Di antara raja-raja Kediri yang termasyur adalah Jayabaya yang memerintah antara tahun 1135 sampai 1157. Di bawah beliau pujangga kraton, Mpu Sedah, menerjemahkan sebagian dari Epos India Mahabarata ke dalam bahasa Jawa dengan nama Baratayuda. Karya ini sampai sekarang merupakan sumber utama bagi wayang Jawa. Jauh kemudian, dalam abad XVIII, Raja Jayabaya dipergunakan sebagai pemaklum ramalan-ramalan Ratu Adil yang meramalkan bahwa Pulau Jawa akan mengalami masa kekacauan, tetapi akhirnya akan dibawa ke kebesaran baru oleh Sang Ratu Adil Herucakra. Ramalan-ramalan ini dalam abad XIX mempunyai pengaruh besar atas kesadaran politik di Jawa dan berulang-ulang terjadi pemberontakan-pemberontakan kecil di bawah pemimpin-pemimpin yang menganggap diri sebagai Ratu Adil. Juga pemberontakan Pangeran Diponegoro dari Yogyakarta yang melibatkan pihak Belanda dalam suatu perang dari 1825-1830 yang hanya dengan susah payah dan melalui tipu-muslihat dapat mereka akhiri, didorong oleh harapan-harapan akan Ratu Adil.

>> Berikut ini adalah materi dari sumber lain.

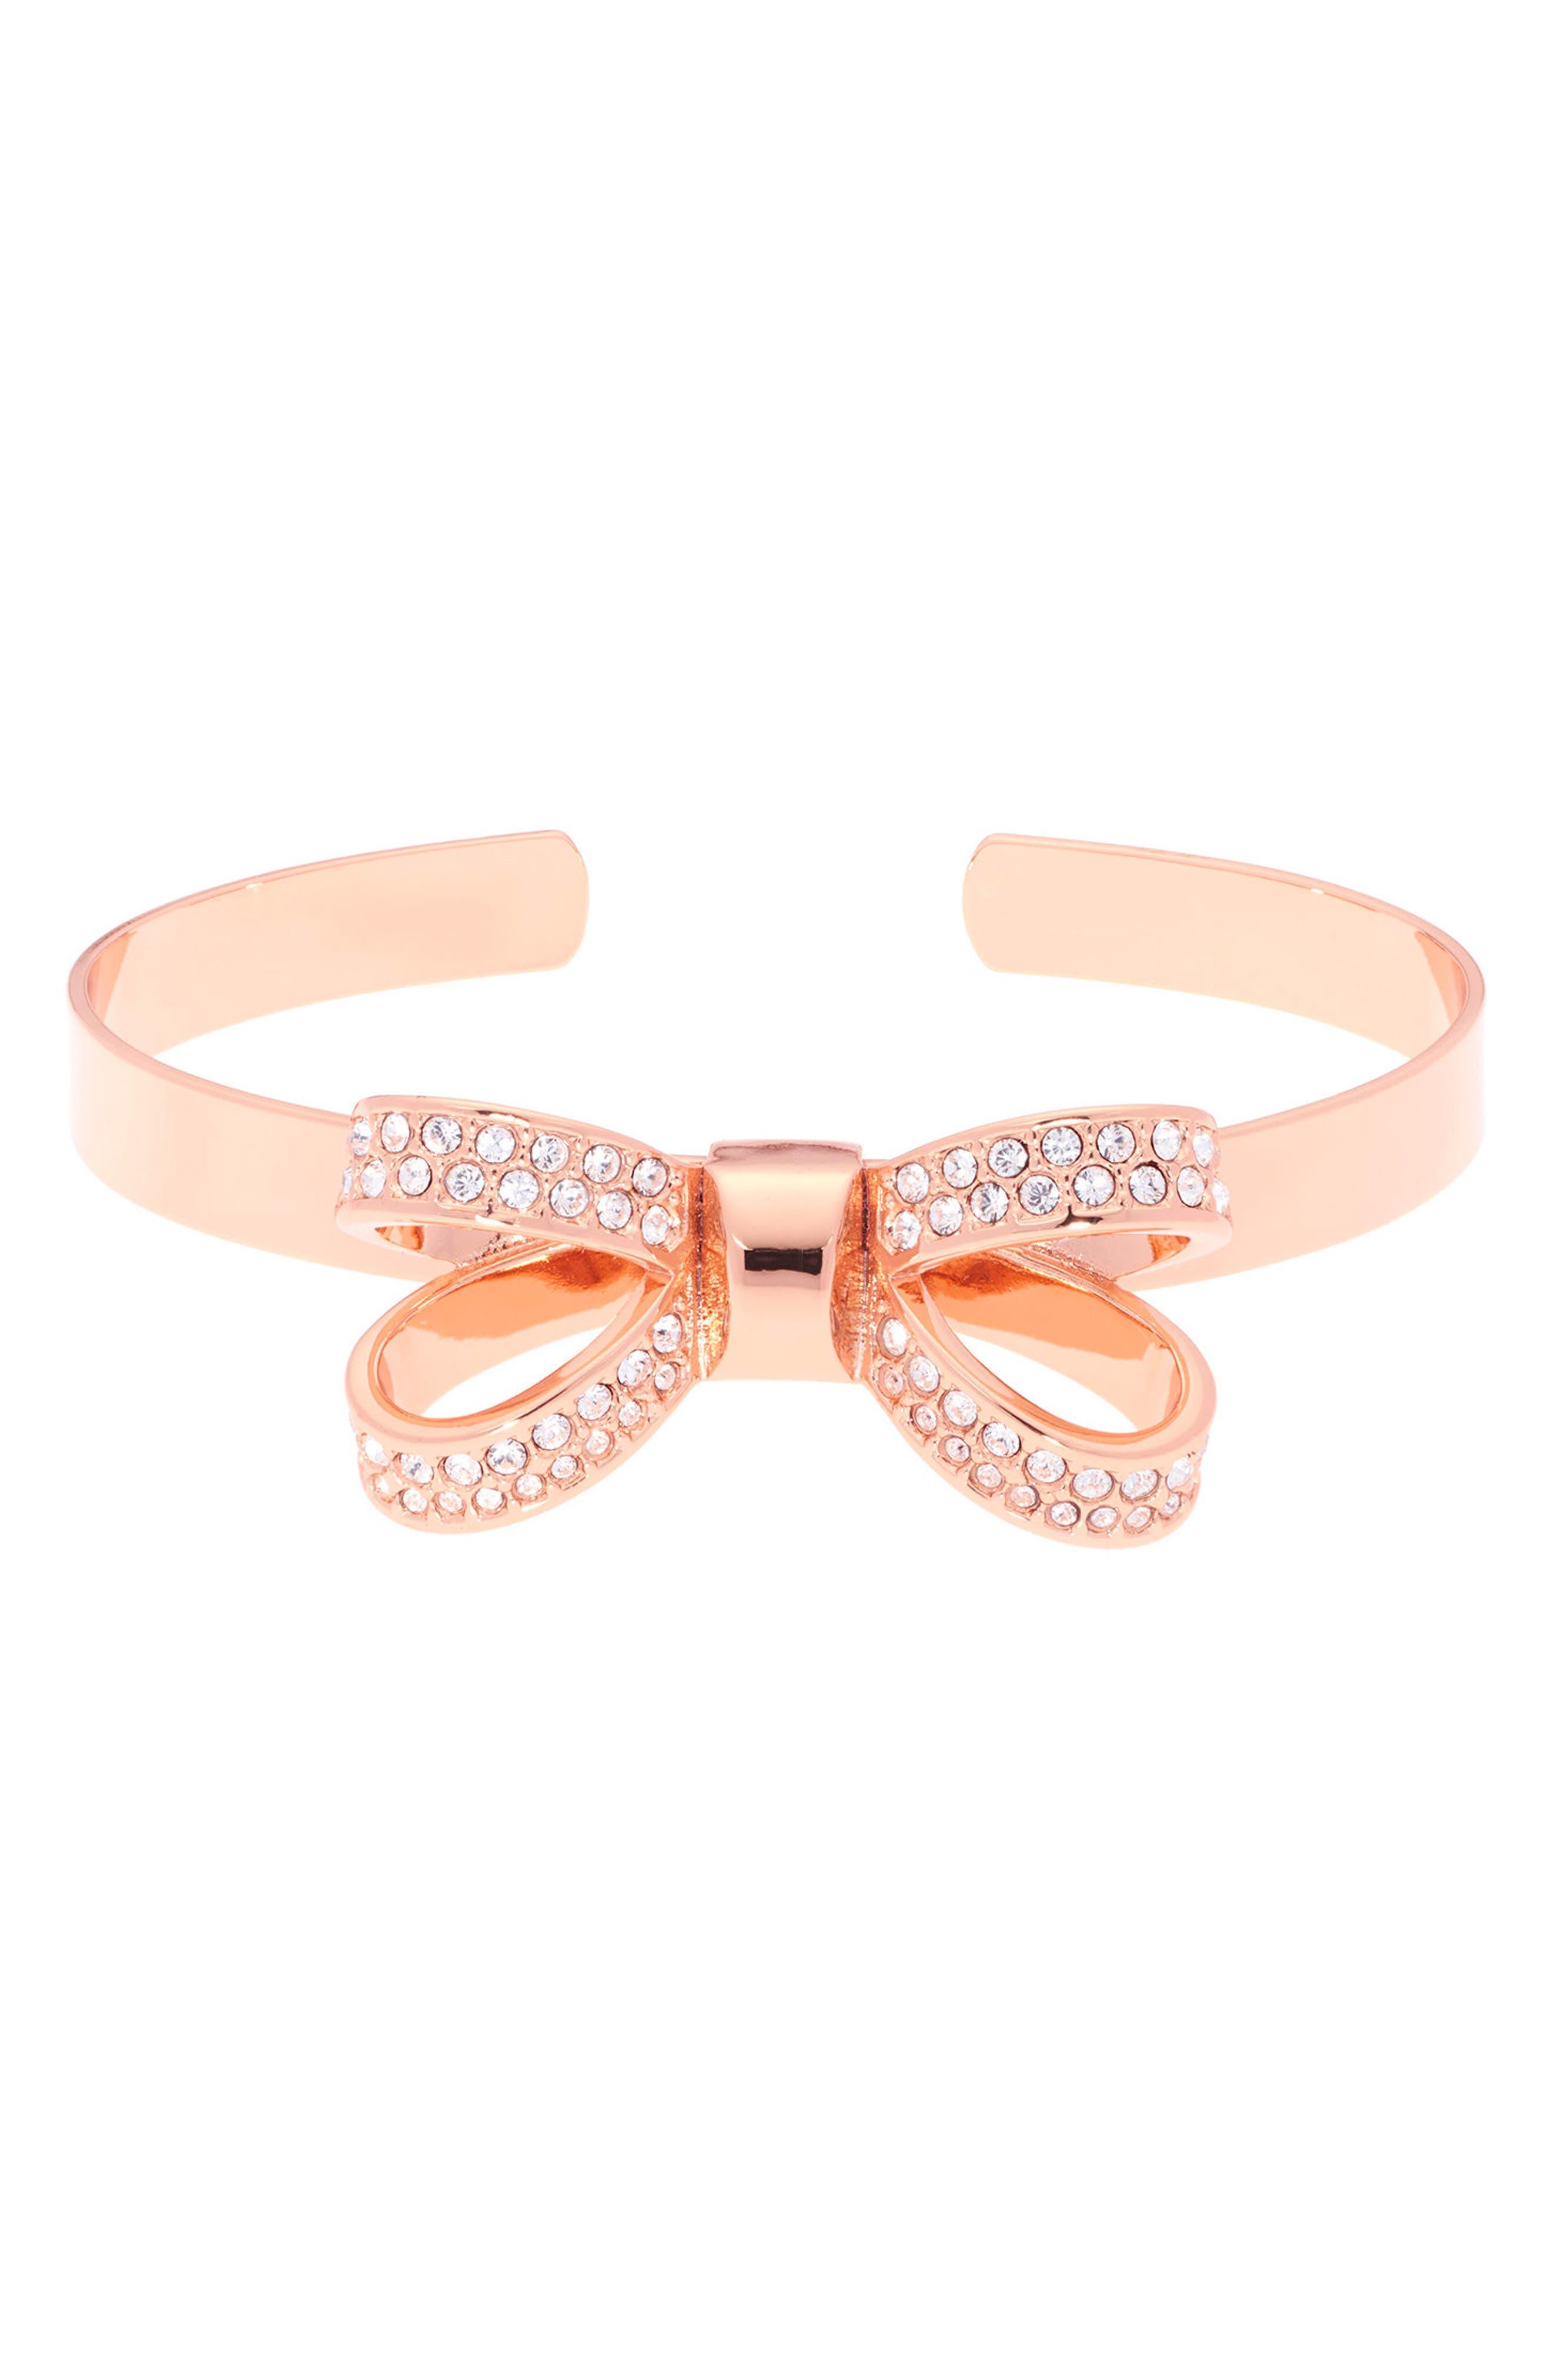 Opulent Pavé Bow Cuff Bracelet,                         Main,                         color, Rose Gold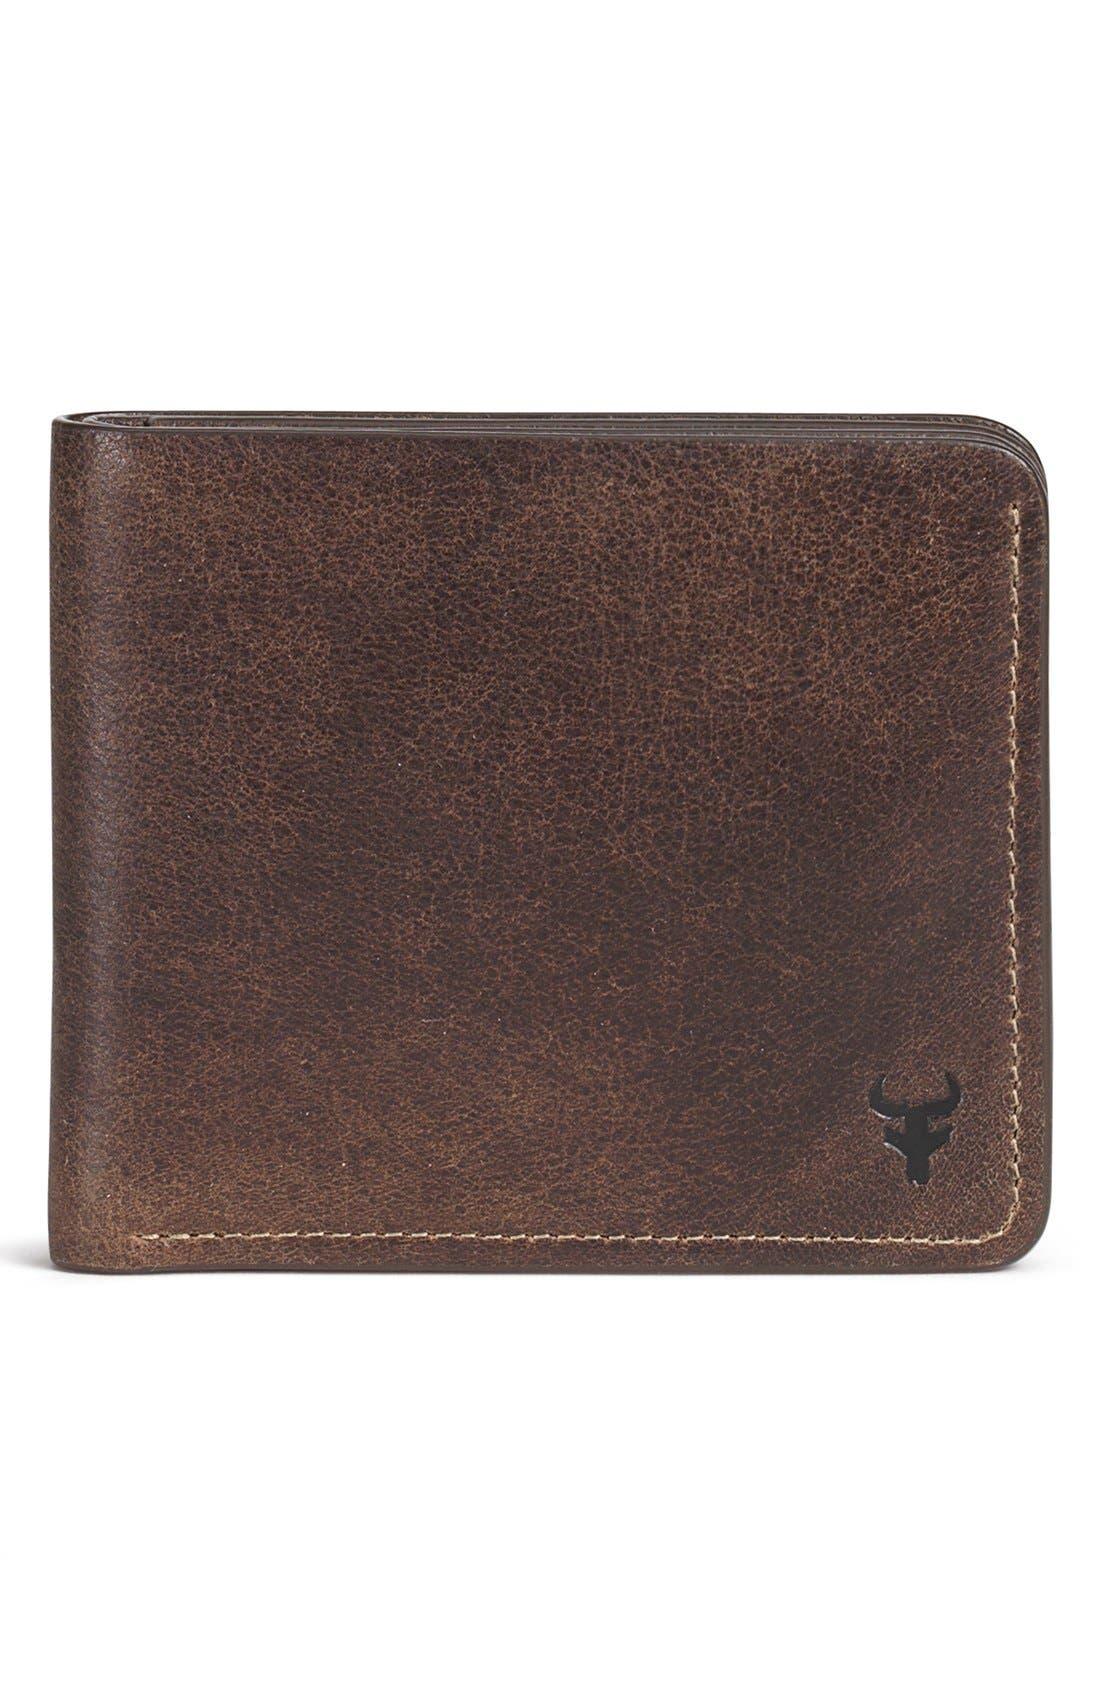 'Jackson' Slimfold Bison Leather Wallet,                         Main,                         color, Walnut

Suatu usaha raja Kediri yang terakhir pada tahun 1222 untuk menempatkan para pendeta ke bawah kontrol langsung dari raja, gagal; ia jatuh dan diganti oleh suatu dinasti Jawa Timur baru yang berkedudukan di Singasari dekat Malang. Raja terbesar dinasti itu adalah raja yang terakhir, Pangeran Kertanagara yang berkuasa dari tahun 1268-1292. Ia dipandang sebagai penuh kekuatan-kekuatan gaib yang luar biasa. Dikatakan, bahwa untuk menambah kesaktiannya berhadapan dengan ancaman pemimpin Mongol, Kublai Khan, maka pada umur 21 tahun ia menjalani suatu upacara pentahbisan gaib. Dikatakan juga, bahwa ia dapat memperluas kekuasaannya sampai daratan Asia, suatu anggapan yang oleh kebanyakan ahli sejarah dipandang dengan skeptis. Yang pasti ialah bahwa ia memperlakukan para utusan Kublai Khan yang menuntut agar ia tunduk pada Kublai Khan, dengan cara menghina.
- Kerajaan Majapahit
Kerajaan Majapahit, kerajaan yang paling berkuasa dalam sejarah Jawa, lahir dalam lindungan angin serangan tentara Mongol. Pangeran Wijaya-anak mantu Kertanagara-berhasil memperoleh bantuan Mongol untuk melawan Kediri. Sesudah tentara Mongol merusakkan kota Kediri, Pangeran Wijaya menjauhkan diri dari mereka, dan melibatkan mereka dalam suatu perang gerilya sehingga mereka untuk selamanya meninggalkan Tanah Jawa. Sebagai pembebas dari kaum Mongol, Pangeran Wijaya mendirikan dinasti Majapahit pada tahun 1293. Wijaya memulai kembali politik ekspansi Kertanagara. Walaupun beberapa pangeran yang telah tunduk pada Singasari berontak terhadap Majapahit, namun Wijaya berhasil untuk terus memperluas wilayahnya. Di bawah Raja Hayam Wuruk (1350-1389) dan Gajah Mada yang dari tahun menjadi patih kerajaan, Majapahit mencapai peluasannya yang paling besar walaupun para ahli tidak sependapat mengenai luas wilayah yang nyata-nyata dikuasai Majapahit; namun pada umumnya diterima bahwa Majapahit menguasai seluruh Tanah Jawa dan Bali, begitu pula kekuasaannya diakui oleh kerajaan-kerajaan, pesisir terpenting di Kepulauan Indonesia.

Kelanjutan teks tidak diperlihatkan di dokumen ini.